Prof. Dr. Frances Gardner

Prof. Dr. Frances Gardner

Prof. Dr. Frances Gardner works on the development and evaluation of parenting interventions, investigating questions about their effectiveness for reducing child disruptive behaviour, and child maltreatment, their transportability across countries, and mechanisms and moderators of change, using randomised trials and systematic reviews. She recently completed a series of systematic reviews, using a range of different methods to elucidate the essential components of parenting interventions, with a view to understanding how programmes can be strengthened, or abbreviated, prior to scale up.

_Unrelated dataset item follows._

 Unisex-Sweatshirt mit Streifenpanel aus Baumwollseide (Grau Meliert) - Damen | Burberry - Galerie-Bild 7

She led a large individual participant data (IPD) meta-analysis of parenting trials across Europe, in order to understand the effects of parenting interventions on disadvantaged and ethnic minority families, as well as effects of other child and parent characteristics as moderators. She has conducted many randomised trials of parenting interventions in UK, USA, South Africa, Tanzania and the Philippines. Her work has helped informed policy in many governments and international organisations, including WHO, UNICEF, UNODC, and the Governments of UK, Malta, Estonia, Slovenia, New Zealand, Montenegro, and Sweden’s SBU (Health Technology Assessment) agency. She serves on the Board of ‘Blueprints for Violence Prevention’, on a WHO Expert Panel on Standard of Evidence in Violence Prevention, and previously, the Scientific Advisory Board for the UK National Academy of Parenting Practitioners.

Relevant publications:
  1. Gardner, F., Knerr, W., Montgomery, P. (2016). Transporting evidence-based parenting programs for child problem behavior (age 3-10) between countries: Systematic review and meta-analysis. Journal of Clinical Child and Adolescent Psychology. 45, 749-762.
  2. Gottfredson, D., Cook, T., Gardner, F., Gorman-Smith, D., Howe, G., Sandler, I., Zafft, K. (2015). Standards of Evidence for Efficacy, Effectiveness, and Scale-up Research in Prevention Science: Next Generation. Prevention Science, 16, 893-926.
  3. Knerr, W., Gardner, F., & Cluver, L. (2013). Improving Positive Parenting Skills and Reducing Harsh and Abusive Parenting in Low- and Middle-Income Countries: A Systematic Review. Prevention Science, 14, 352-363.
  4. Gardner, F., Hutchings, J. & Bywater, T., & Whitaker, C. (2010). Who benefits and how does it work? Moderators and mediators of outcomes in a randomised trial of parenting interventions in multiple ‘Sure Start’ services. Journal of Clinical Child and Adolescent Psychology, 39, 568-80.
  5. Gardner, F., Burton, J. & Klimes, I. (2006). Randomised controlled trial of a parenting intervention in the voluntary sector for reducing child conduct problems: outcomes and mechanisms of change. Journal of Child Psychology & Psychiatry, 47, 1123-1132.